Penataan Situs Makam Kuno Meurah II

 

Masnauli Butar Butar, Arkeolog Pelestari BPCB Provinsi Aceh

Aceh Besar, 04/01/2022. Balai Pelestarian Cagar Budaya (BPCB) Aceh sudah lebih dari dua puluh tahun memelihara situs Makam Meurah II.  Juru Pelihara pertama situs ini bernama Bapak Muhammad Zein, diangkat pada masa Depdikbud Muskala D.I. Aceh Darussalam (Tahun 80-an) hingga purna tugas tahun 2019. Setelah Bapak M. Zein pensiun, diangkat kembali juru pelihara tahun 2020 bernama Rahmat Kurniawan.

Bagi BPCB Aceh, situs Makam Meurah II ini merupakan satu bagian dari urat nadi perjalanan sejarah lembaga pelestari di Aceh dan Sumatera Utara “situs ini telah menemani BPCB Aceh selama 20 tahun lebih” demikian kata Masnauli Butar Butar, salah seorang arkeolog pelestari  dan juga anggota Perkumpulan Ahli Arkeologi Indonesia Komisariat Daerah Aceh dan Sumatera Utara.

Masnauli Butar Butar mengatakan: “..dalam komplek situs terdapat batu nisan ukuran besar dan kecil yang memiliki nilai penting sejarah, ilmu pengetahuan, pendidikan, agama dan kebudayaan yang sangat luarbiasa. Tetapi sayangnya, situs mengalami ancaman karena keberadaan pohon besar di tengah-tengahnya yang suatu saat bisa menyebabkan petaka kerusakan akibat tertimpa jika pohonnya tumbang.”

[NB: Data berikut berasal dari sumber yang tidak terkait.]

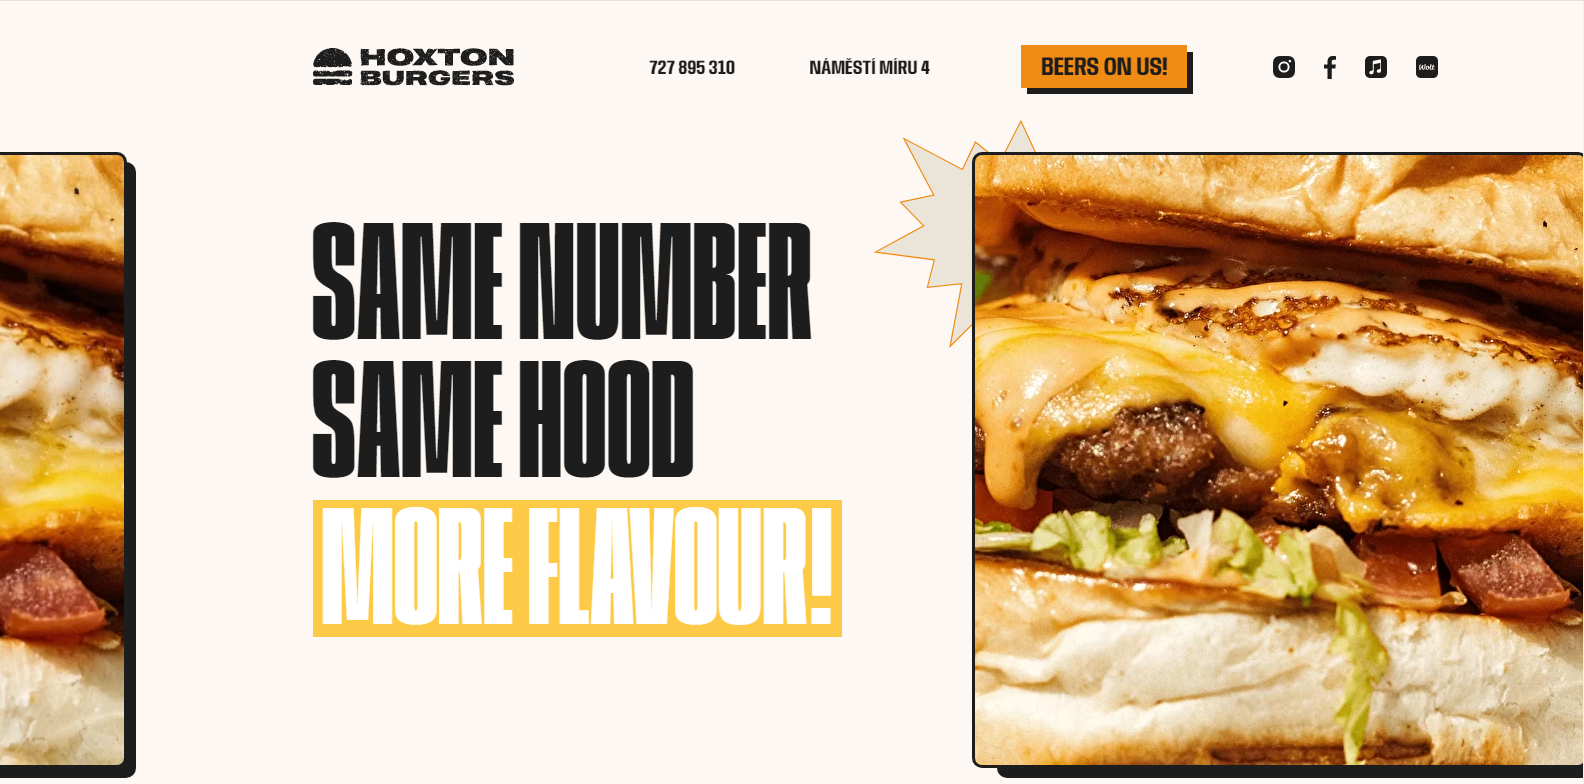 Image of Hoxton Burgers

Masnauli Butar Butar menanggapi pemberitaan media https://www.bidik-aceh.com/situs-kompleks-makam-meurah-ii/ dengan menyampaikan bahwa “faktanya dalam sela sela batu nisan terdapat pohon besar yang akar akarnya telah merusak batu nisan. Pohon ini sudah ada sebelum bapak M. Zein menjadi juru pelihara. Untuk mencegah terjadinya pohon tumbang akibat usia pohon yang semakin menua atau angin kencang (faktor alam)   perlu penebangan pohon. Pada permukaan tanah, terlihat akar akar pohon telah merenggangkan batu nisan. Apabila suatu saat nanti pohon tumbang, maka batu nisan akan ikut rusak (patah, tercabut, retak).”

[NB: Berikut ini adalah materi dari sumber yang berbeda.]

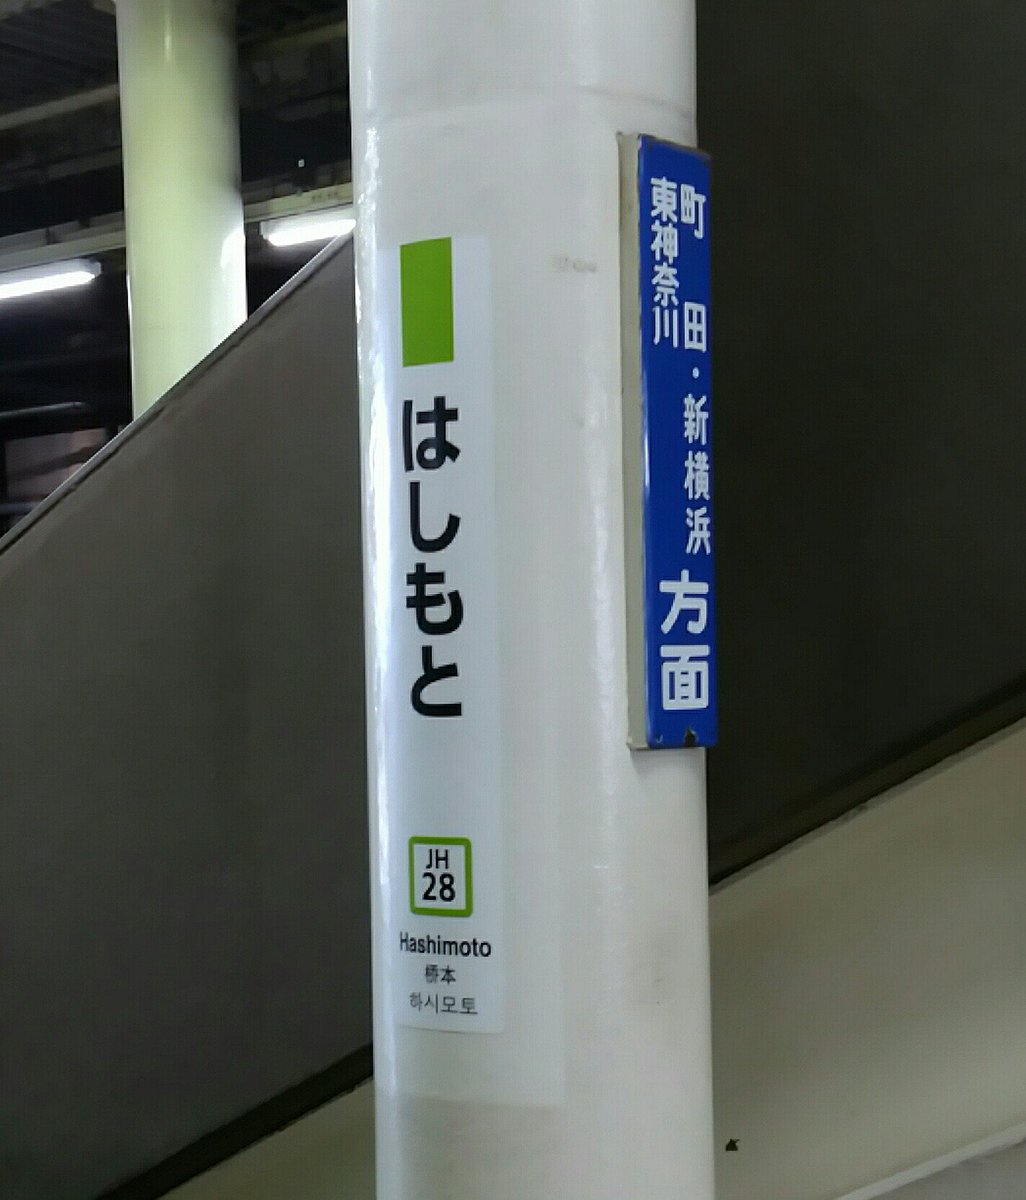 Cat Paw Puni Puni 横浜線橋本駅で発見 一つの柱に最新型の縦型駅名標と 国鉄時代からあると思われる琺瑯製の行き先案内板が共存 もじ鉄

Menurut Masnauli Butar Butar, penataan yang pertama dilakukan adalah penebangan pohon. Pohon ini cukup meresahkan, karena sudah sangat tinggi dan ranting yang makin lebat, apabila suatu saat tumbang maka akan merusak batu nisan atau bangunan disekelilingnya. Menebang pohon ini tentu tidak mudah, pada tahun 2009 pernah diwacanakan menebang pohon, namun gagal karena biaya yang diperlukan cukup besar dan permasalahan lainnya.

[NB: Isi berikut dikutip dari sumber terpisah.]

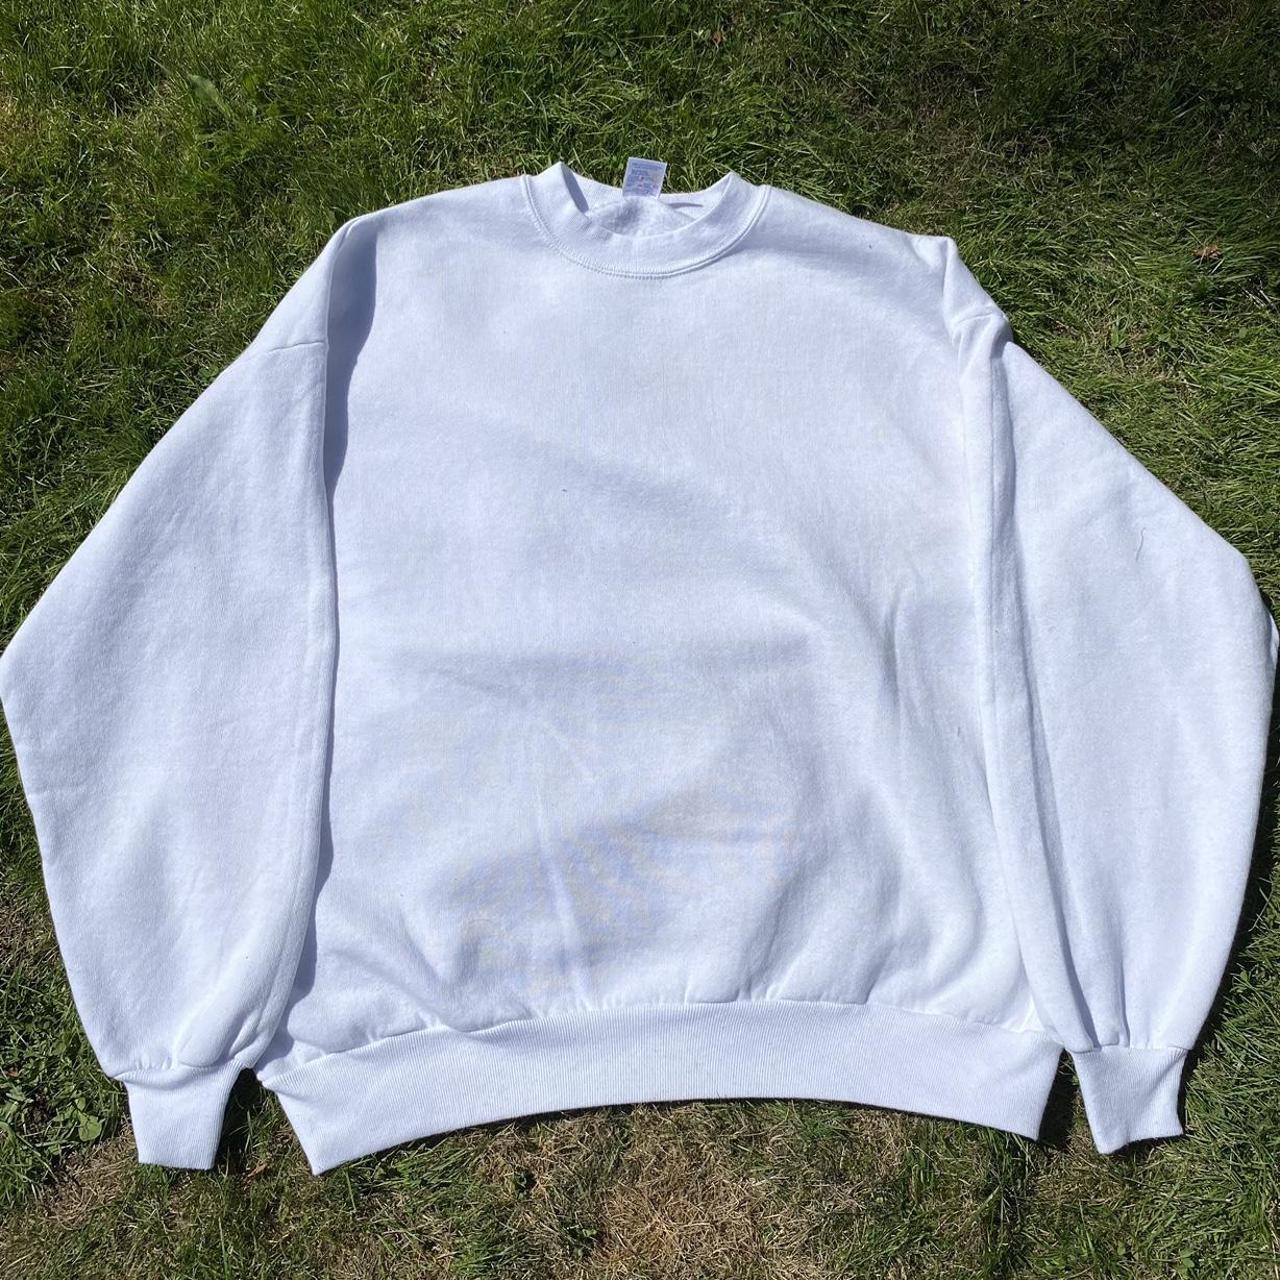 Product Image 1 - 90’s Vintage White Fleece Sweater

Permasalahan lainnya, ada kepercayaan menebang pohon besar akan terkena unsur magis, sehingga perlu dibuatkan kenduri. Terkadang juga sipemotong kayu (tukang sinso) agak takut kalau terjadi sesuatu dikemudian hari. Permasalahan seperti ini kerap menjadi alasan utama mengapa pohon didekat makam kuno tidak ditebang.

Masnauli (panggilan akrab) memberikan contoh kasus yang menimpa komplek makam Panglima Peunaro dimana rusak total akibat di timpa pohon tumbang. Runtuhan pohon  yang besar menimpa cungkup, menghancurkannya, kemudian rubuhan keduannya menghantam batu nisan di bawahnya sehingga patah, retak, dan roboh.”

Lebih lanjut, Masnauli menyarankan agara rencana penebangan pohon di Situs Makam Meurah II harus berkoordinasi dengan aparat desa setempat dan instansi terkait khususnya Dinas Pertamanan yang ahli dan berpengalaman melakukan pemangkasan atau penebangan kayu.

“yang pasti, penebangan pohon ini juga merupakan upaya penyelamatan situs cagar budaya dari kerusakan.” tutup Masnauli Butar Butar.